North America and Western Europe
Most malignant tumors of the liver discovered in Western patients are metastases (spread) from tumors elsewhere. In the West, HCC is generally seen as a rare cancer, normally of those with pre-existing liver disease. It is often detected by ultrasound screening, and so can be discovered by health-care facilities much earlier than in developing regions such as Sub-Saharan Africa.
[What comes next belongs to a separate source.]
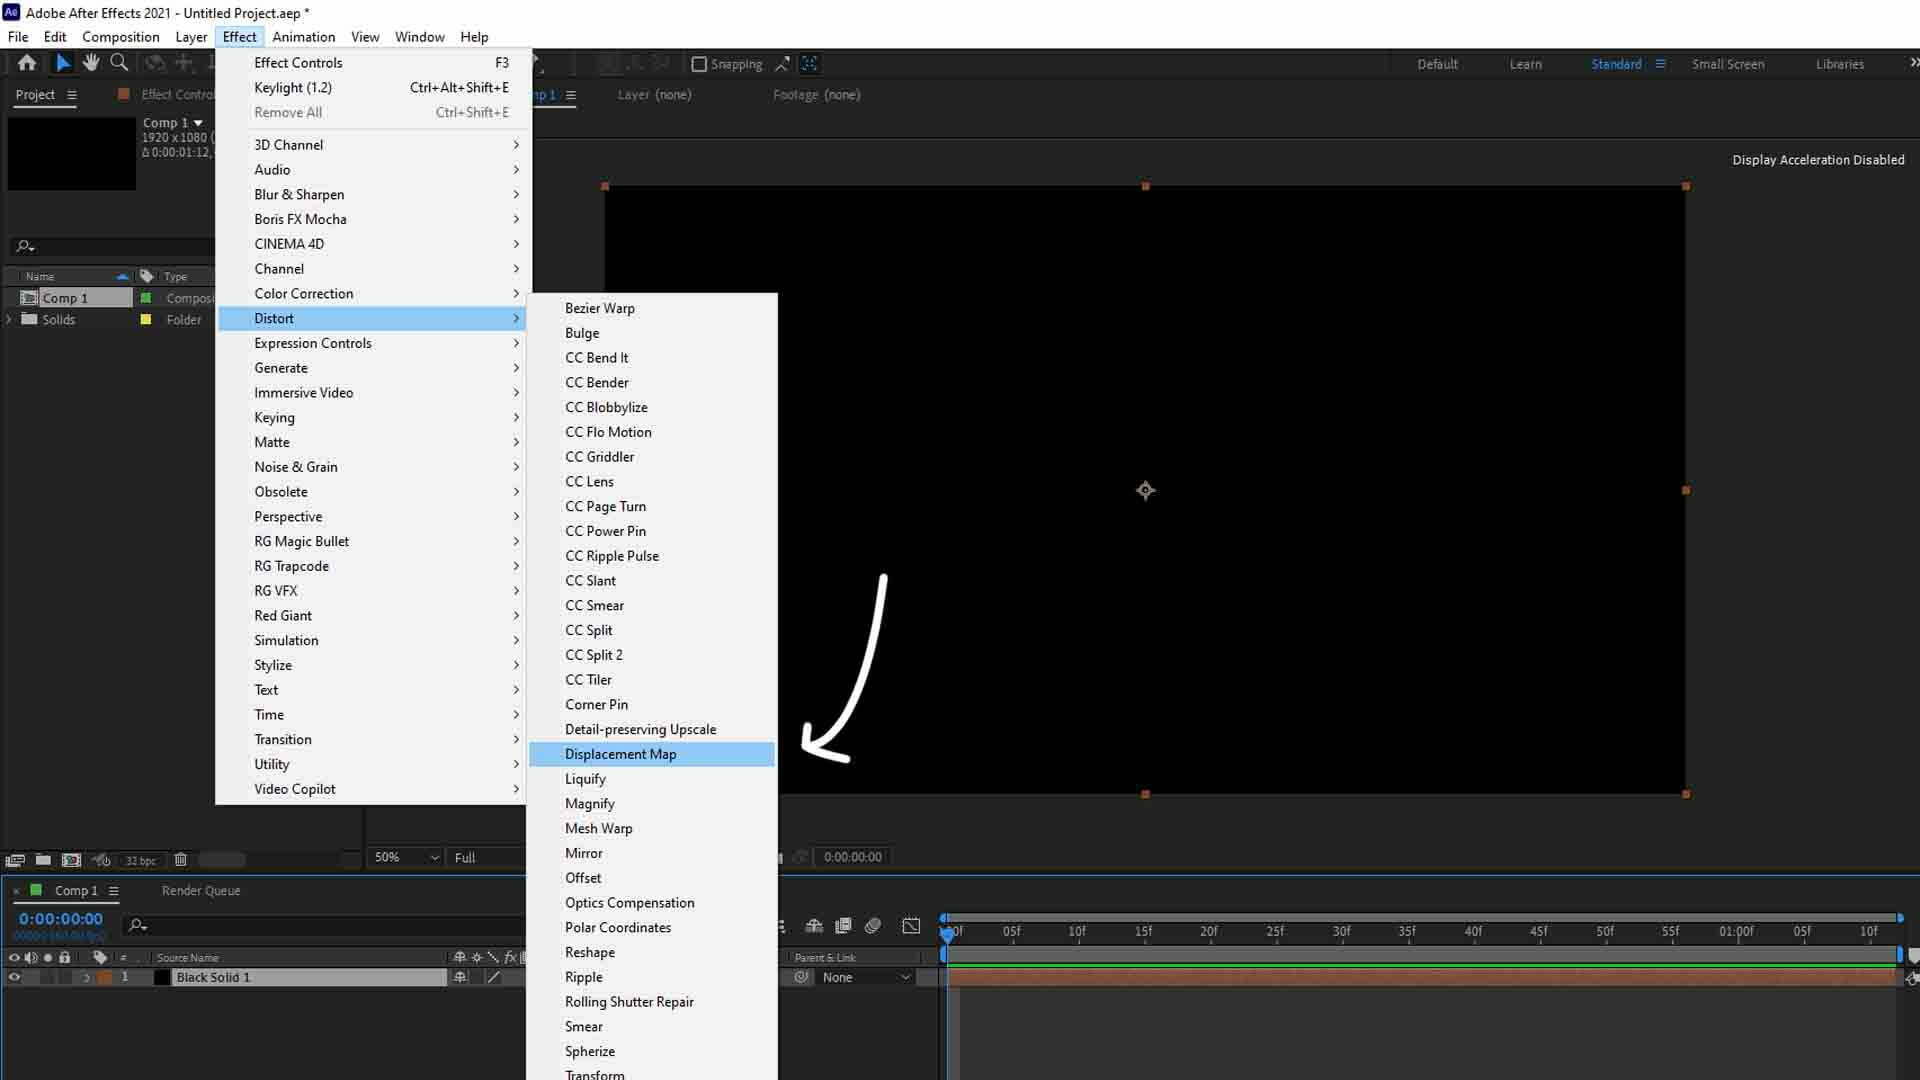 Displacement map features in Adobe after effects

Acute and chronic hepatic porphyrias (acute intermittent porphyria, porphyria cutanea tarda, hereditary coproporphyria, variegate porphyria) and tyrosinemia type I are risk factors for hepatocellular carcinoma. The diagnosis of an acute hepatic porphyria (AIP, HCP, VP) should be sought in patients with hepatocellular carcinoma without typical risk factors of hepatitis B or C, alcoholic liver cirrhosis or hemochromatosis. Both active and latent genetic carriers of acute hepatic porphyrias are at risk for this cancer, although latent genetic carriers have developed the cancer at a later age than those with classic symptoms. Patients with acute hepatic porphyrias should be monitored for hepatocellular carcinoma.
Pre-clinical
Current research includes the search for the genes that are disregulated in HCC, anti-heparanase antibodies, protein markers, non-coding RNAs (such as TUC338) and other predictive biomarkers. As similar research is yielding results in various other malignant diseases, it is hoped that identifying the aberrant genes and the resultant proteins could lead to the identification of pharmacological interventions for HCC.
Clinical
JX-594, an oncolytic virus, has orphan drug designation for this condition and is undergoing clinical trials.
Hepcortespenlisimut-L, an oral cancer vaccine also has US FDA orphan drug designation for hepatocellular carcinoma.
A randomized trial of people with advanced HCC showed no benefit for the combination of everolimus and pasireotide.
Abbreviations
HCC, hepatocellular carcinoma; TACE, transarterial embolization/chemoembolization; PFS, progression-free survival; PS, performance status; HBV, hepatitis B virus; PEI, percutaneous ethanol injection; RFA, radiofrequency ablation; RR, response rate; MS, median survival.